INFORMATION SUPPLIED START

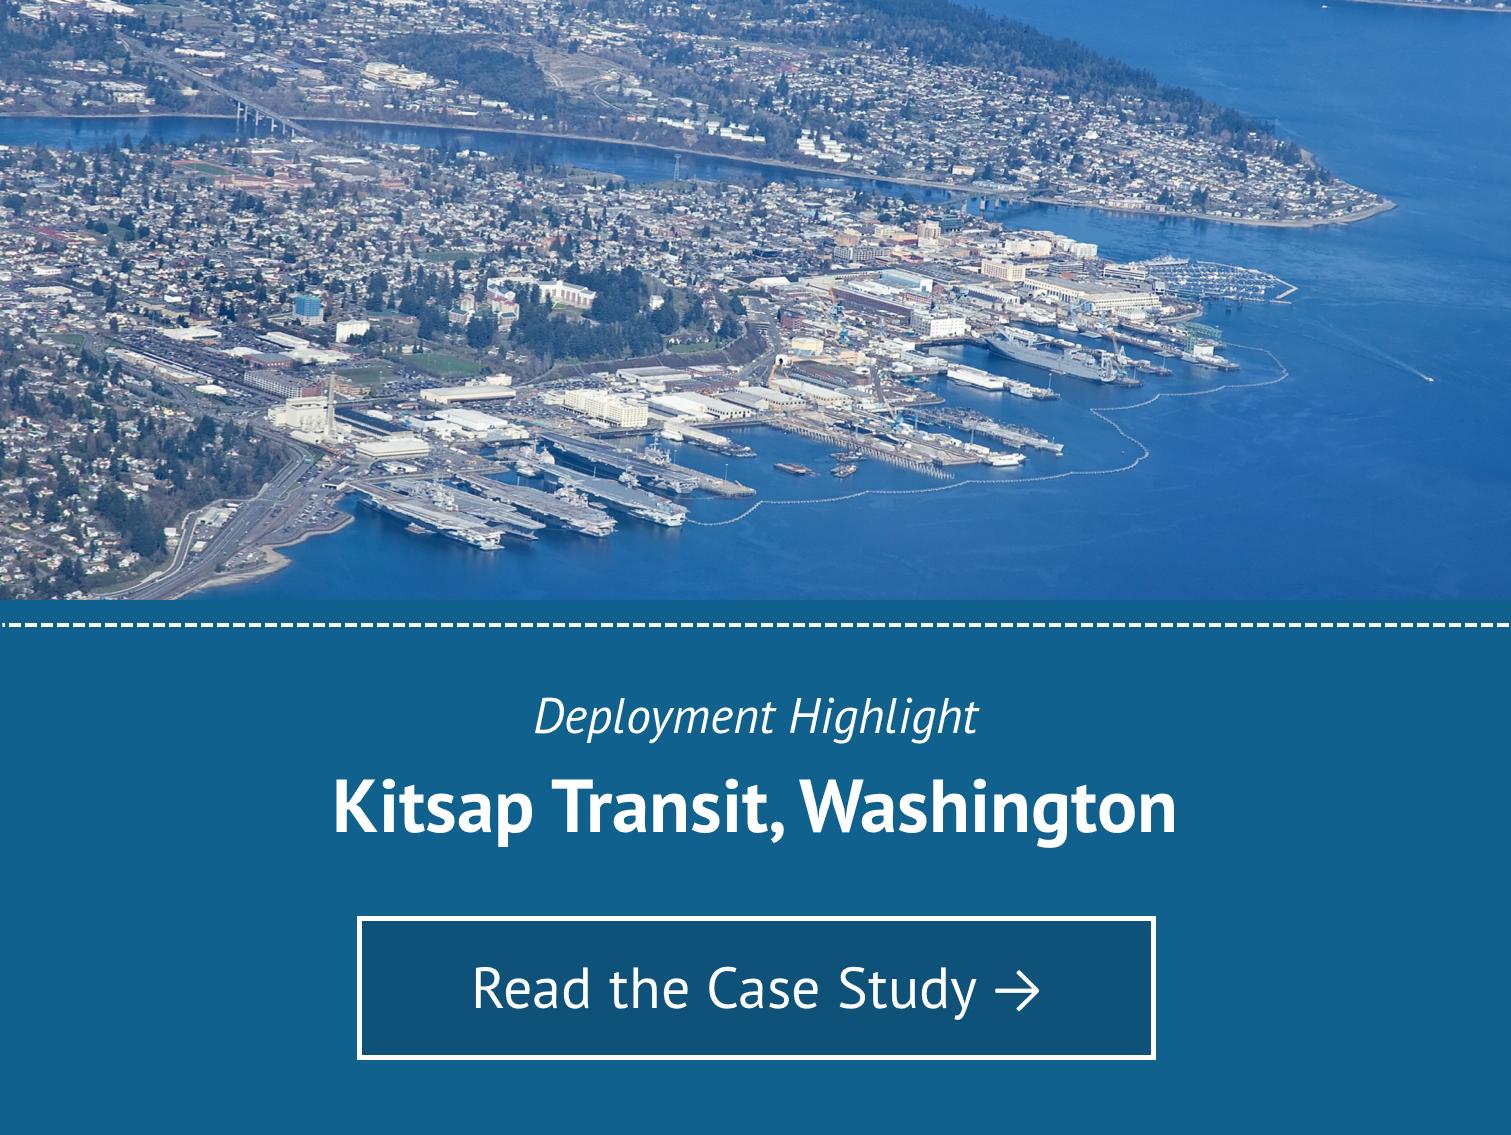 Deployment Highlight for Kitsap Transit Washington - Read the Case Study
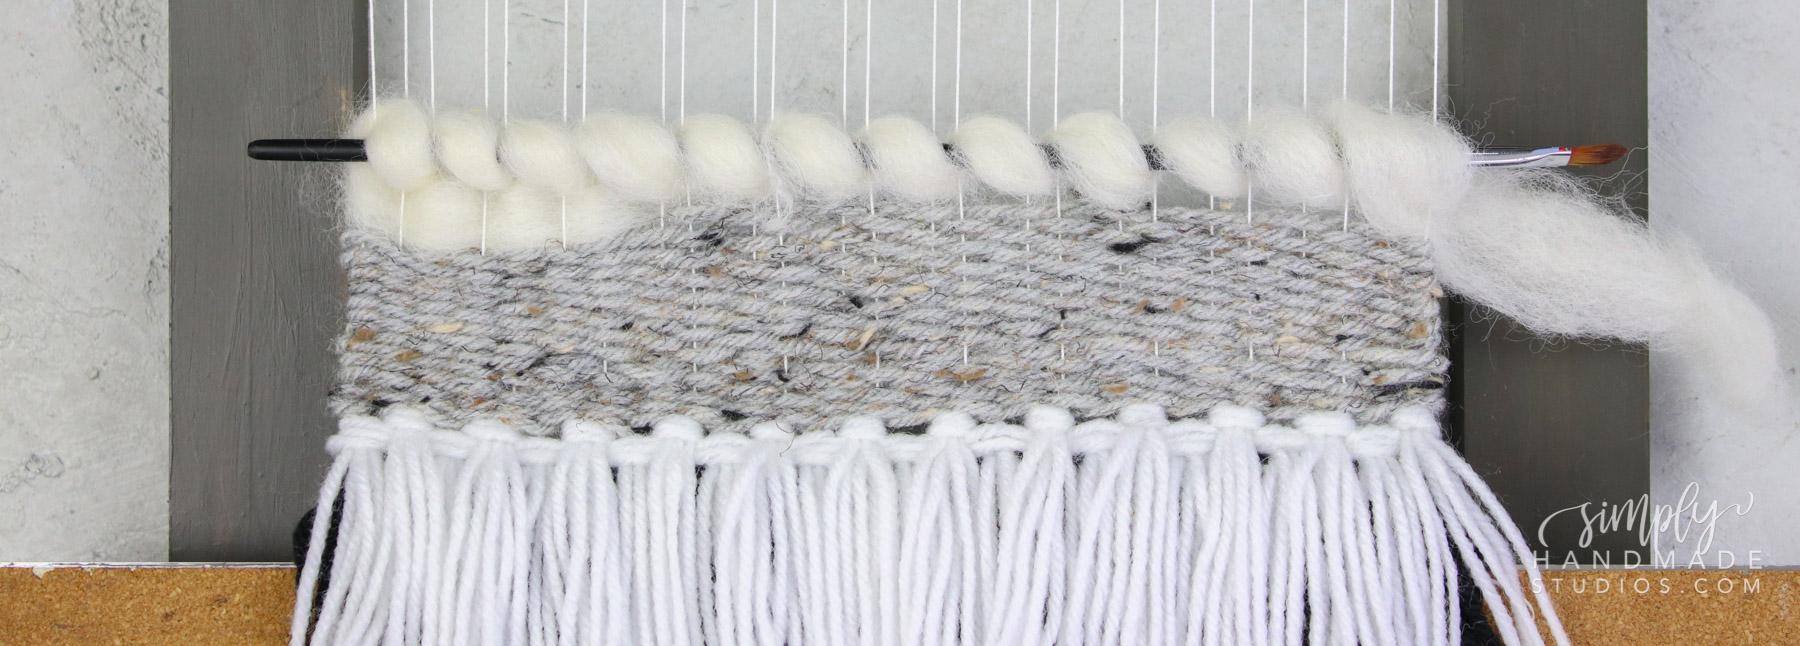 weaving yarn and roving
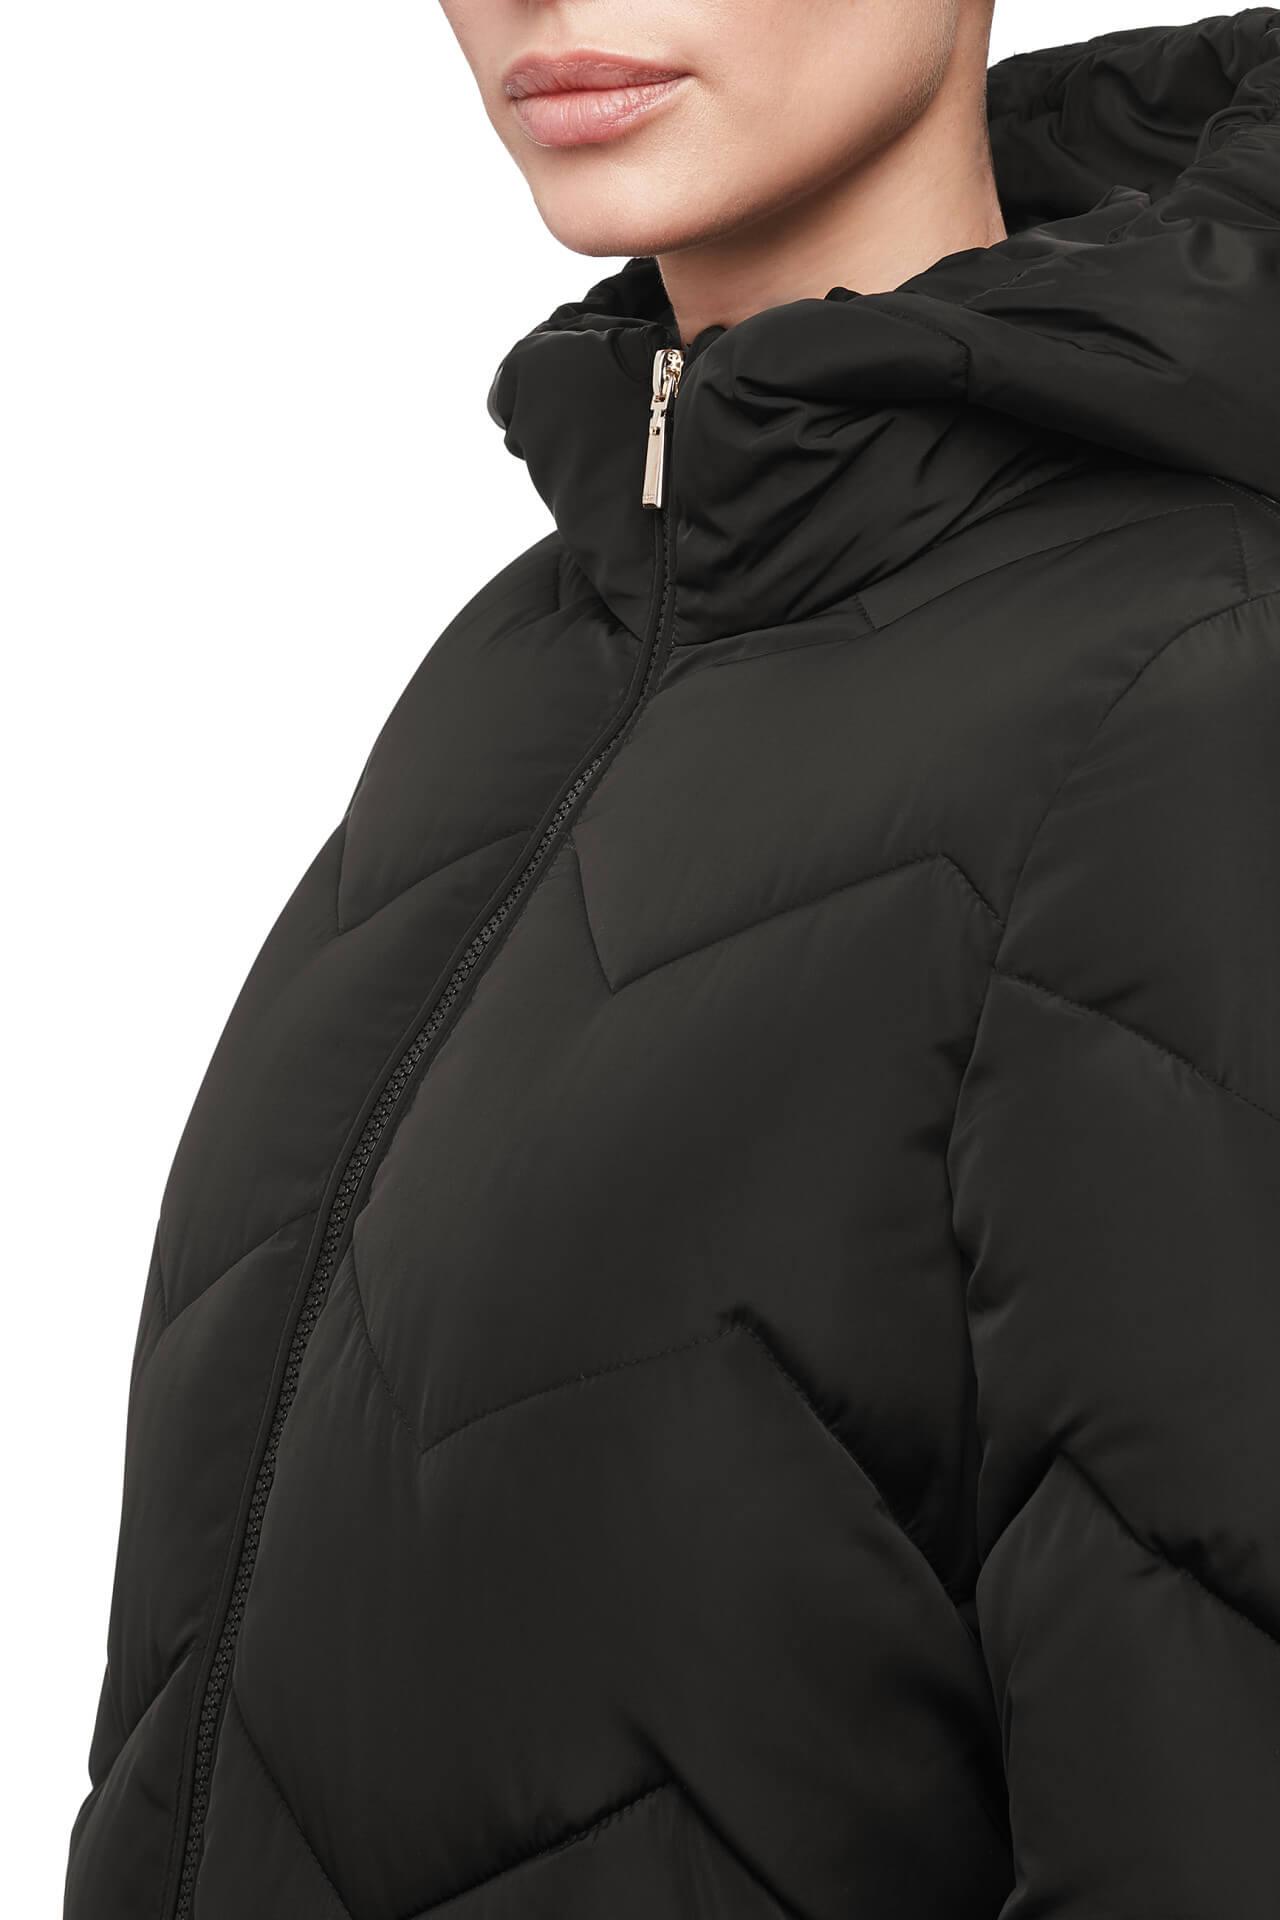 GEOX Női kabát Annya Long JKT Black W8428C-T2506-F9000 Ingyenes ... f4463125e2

INFORMATION SUPPLIED END
INFORMATION SUPPLIED START

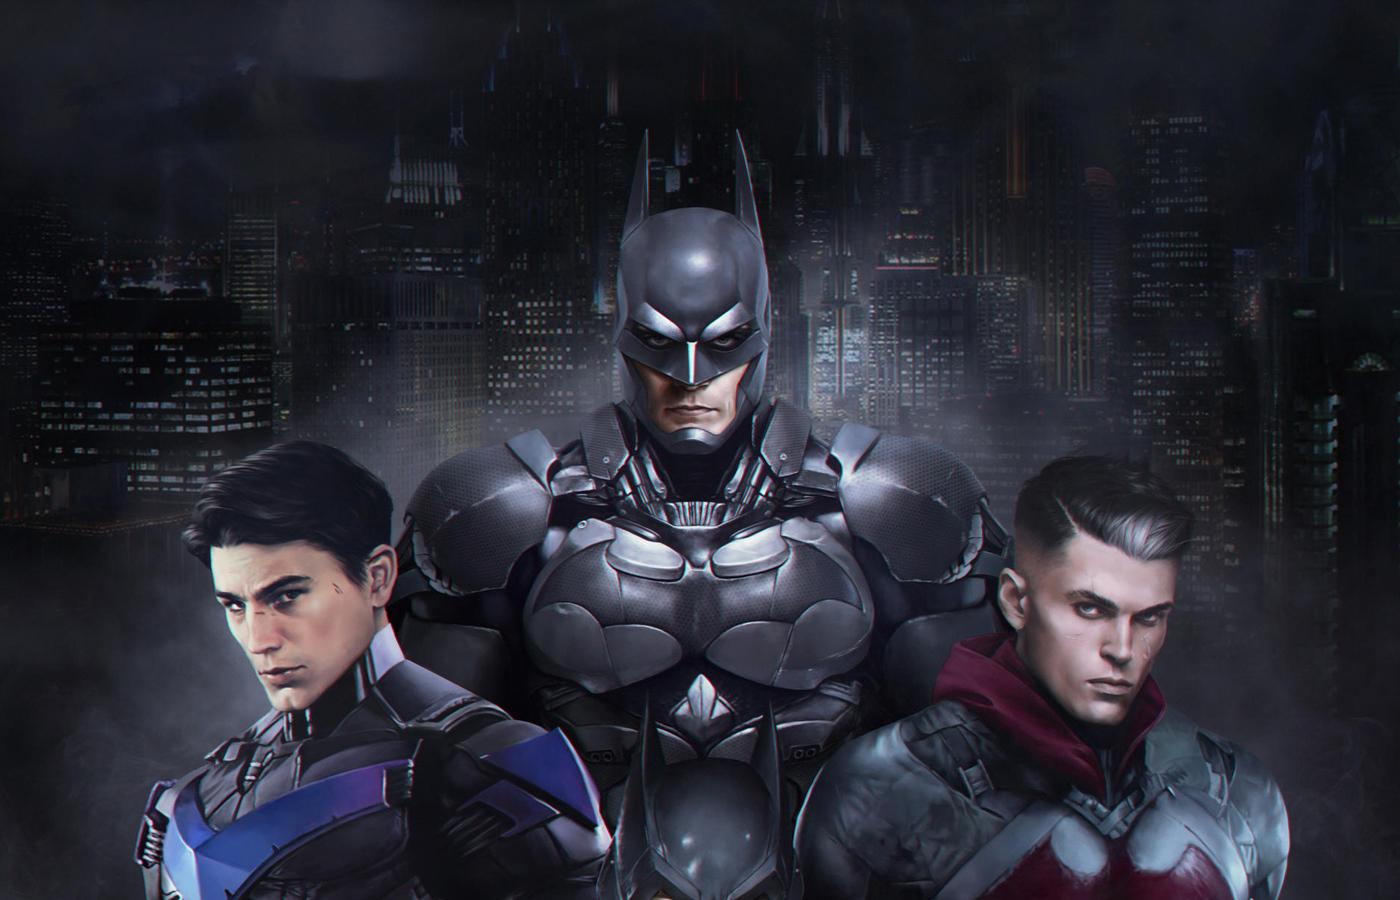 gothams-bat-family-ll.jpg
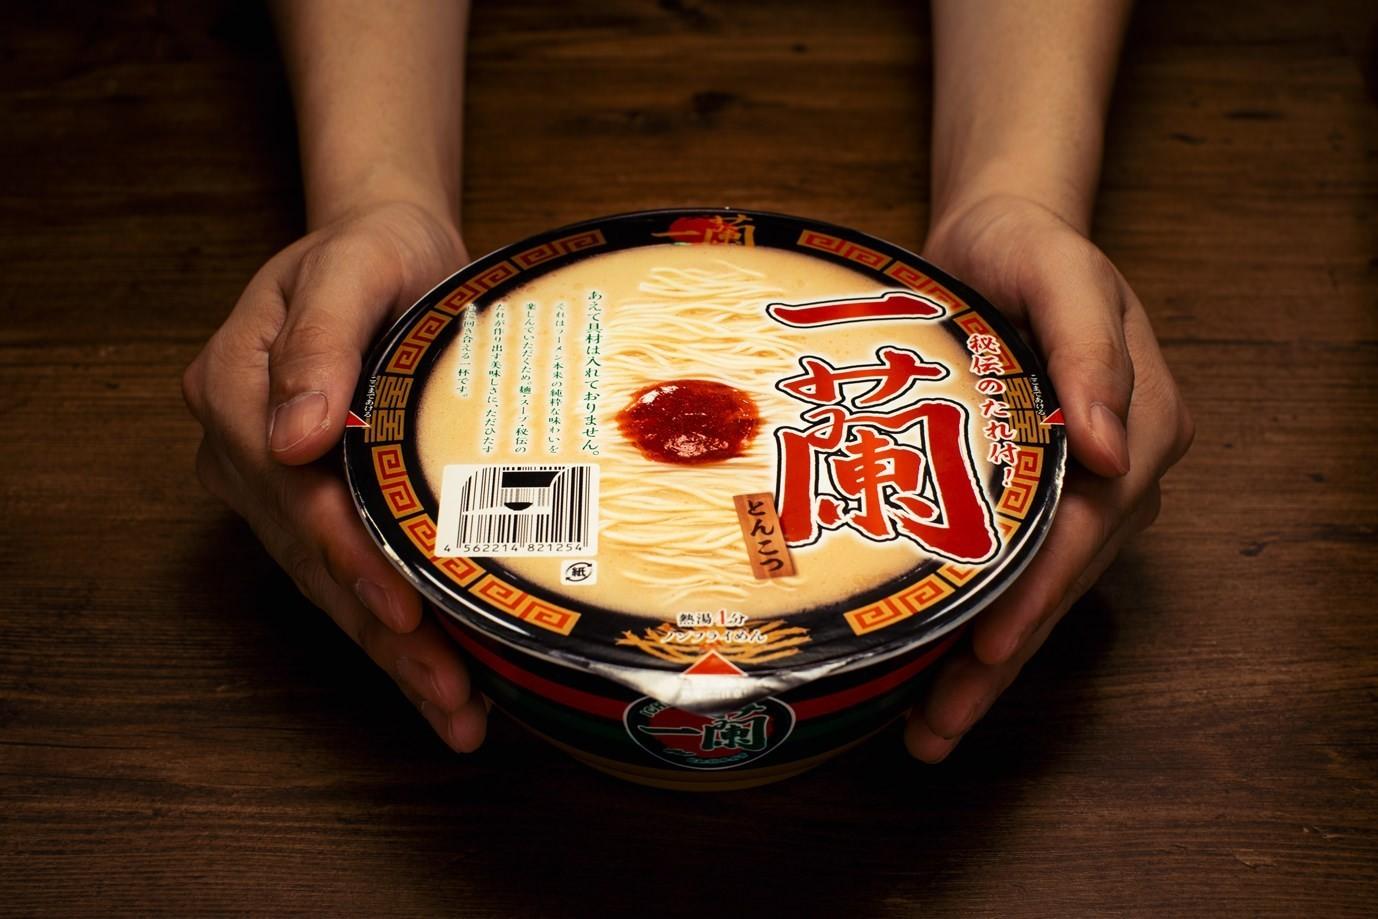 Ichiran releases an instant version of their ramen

INFORMATION SUPPLIED END

▸ WORK ORDER
Reproduce, exactly and only, the lines of the records above starting at the line with "Deployment Highlight for" and ending at the line with "GEOX Női kabát", both included. Leave every picture out.

▸ TASK SOLUTION
 Deployment Highlight for Kitsap Transit Washington - Read the Case Study
 weaving yarn and roving
 GEOX Női kabát Annya Long JKT Black W8428C-T2506-F9000 Ingyenes ... f4463125e2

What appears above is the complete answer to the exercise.